(Specialty warm-up: 3L, 3R Kettlebell press, 3L, 3R kettlebell row, 5 burpee, 10 medicine ball throw)
50/50 Kettlebell press:
3 x 5L, 5R @ 50-60% of Turkish Get-up 1RM/ as heavy as possible in each set
5 x 1L, 1R @ same
Alternating arms as directed, keep kettlebells in-hand for L-to-R set, and then rest/ adjust weight as needed. When scheme is listed as “5 x 1L, 1R″, it always refers to “Sets” x “Reps”. Reminder: Position and range of motion always govern weight, and overhead/ “locked-out” is not a relative position.
50/50 press features a double kettlebell rack position but a single-arm strict press. Kettlebell on the “non-working” side assists in keeping tension, and can help us fact-check position.
Spare no expense moving the kettlebells into the rack position; Missed or lazy transitional lifts will detract from the primary lift. Position considered, weights should match on both sides.
Then, 5 rounds of:
3L, 3R Kettlebell bent-over row @ (up to) 1/2 BW
1 Sled drag (20 yd. each @ 1/4 BW)
5 Burpee
1 Sled pull @ same
5 Burpee
:15 sec. rest/ assessment
"Drag" = forward, and "pull" = backward. Hustle hard, breathe intelligently, and work like you want to be there; Rest is to be kept to :15 sec, unless you are waiting in rotation for a sled.
In that case, focus hard on the extra rest leading way to notable effort.
Note: Combining slow and hard with fast is, in our experience and opinion (and for both safety and optimization), only done in the order presented here: Heavy/ slow, fast, rest.
Kettlebell bent-over row: Each round is to be as heavy as possible for uninterrupted reps in non-negotiable, stationary "Good Morning" hinge position; Weight stays off the ground! No "bounce/ pull"!
Even in fatigue, the burpee should never become a wiggly, flailing mess; Move powerfully and attentively (you know... like you care what you're doing... ).
And then:
50 Mace 360 @ uninterrupted, scaled-to-ability (adjust direction and top-to-bottom hand position evenly, in any scheme you choose)

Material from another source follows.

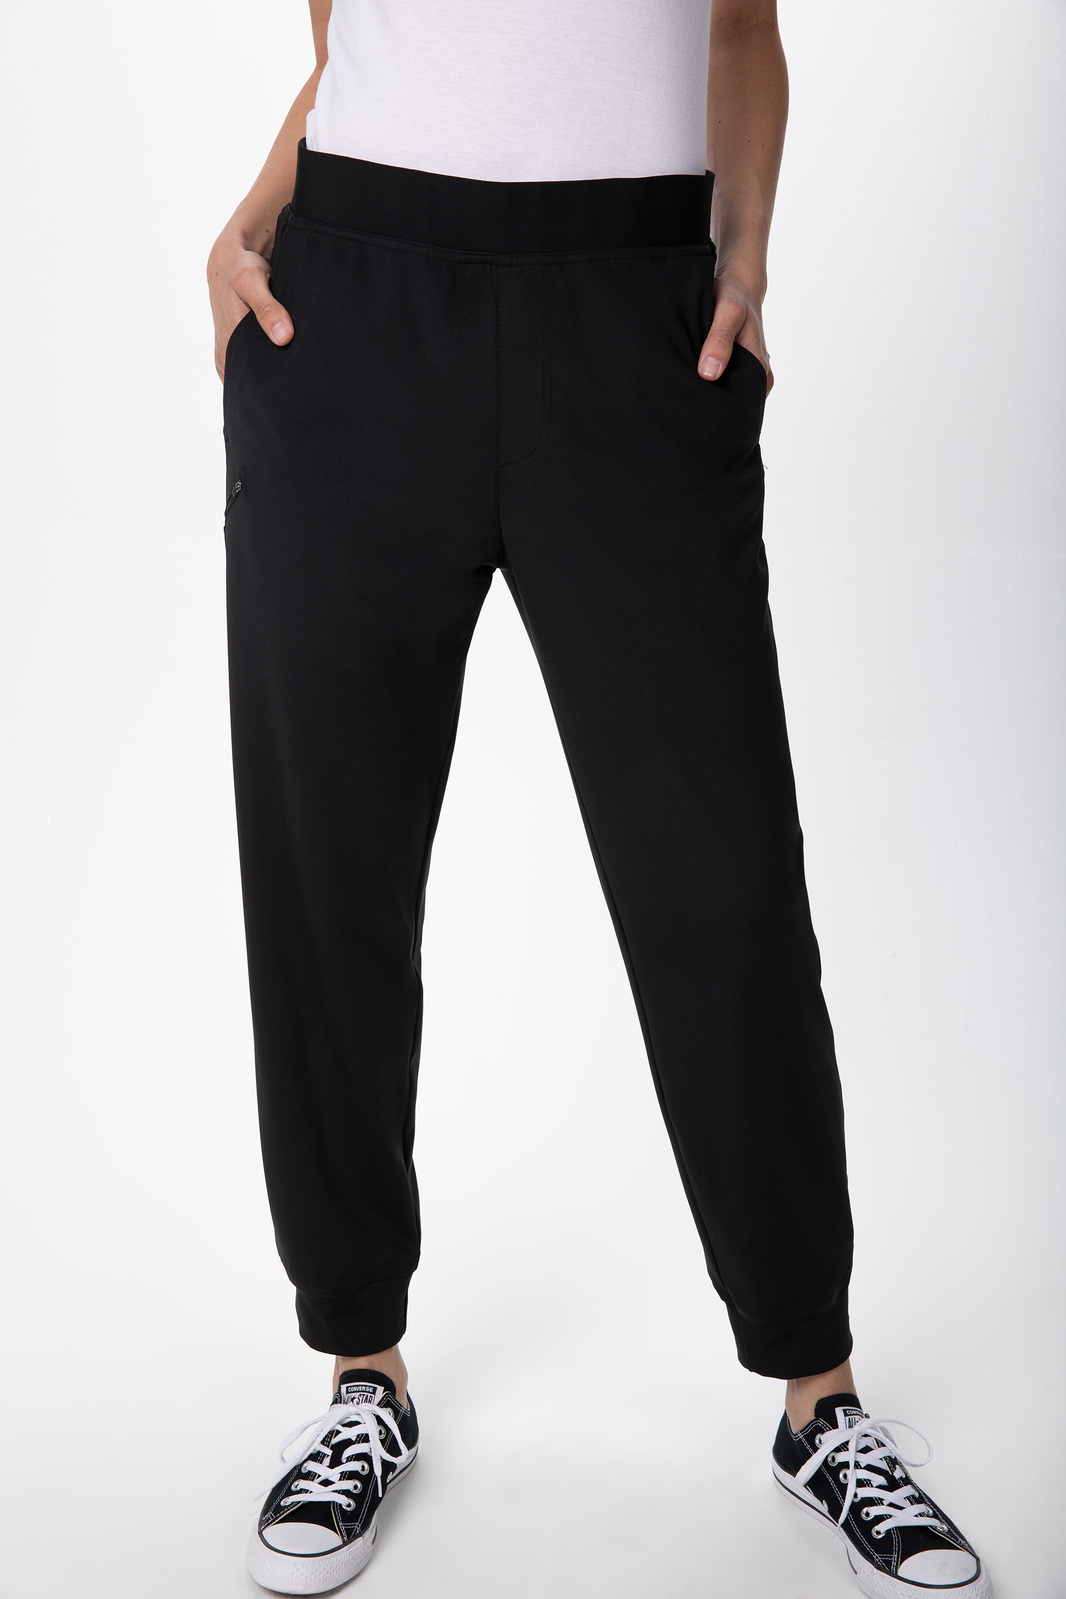 Jogger 2.0 Chef Pants - Chef Works

30 Medicine ball throw @ 10/ 12lb. W, 14/ 16lb. M
50 "Tall slam ball" @ same (use medicine ball, viciously throw to floor, catch on a high bounce above parallel)
Weights are moderate, pace should be vicious, position should be accurate. If designated weight creates a compromised position, adjust immediately and continue safely. As always, be sure to address and adjust will before blaming a shortcoming on skill.
Medicine ball throw/ "Tall slam ball": Listless equals useless. Hurt the wall, hurt the ball, empty the tank. Output may drop, effort should not.
Any of the movements above performed at a casual pace or with undisciplined positioning are a gimmick; Scale and apply pace and position to full ability, and destroy.
“Tall slam ball”: Different timing and coordination, same concept and execution; All positional features of standard squat/ slam ball apply. Today we will simply use standard-diameter medicine balls, and catch above parallel. Certainly not easier, just slightly different.
And finally “Time under tension”:
One-minute Farmer hold @ BW +
5 x 10 Mace front pendulum +
3 x :45 sec. full-effort, positionally vigilant hollow hold +
15 calories Airdyne/ equivalent
Farmer hold: This should be improving- While it should never be "easy" (you can always hold harder... ), both lift- stand- and landing should feel more confident and far less taxing.
Airdyne: Cool-down pace should look like 30-40% of max RPM.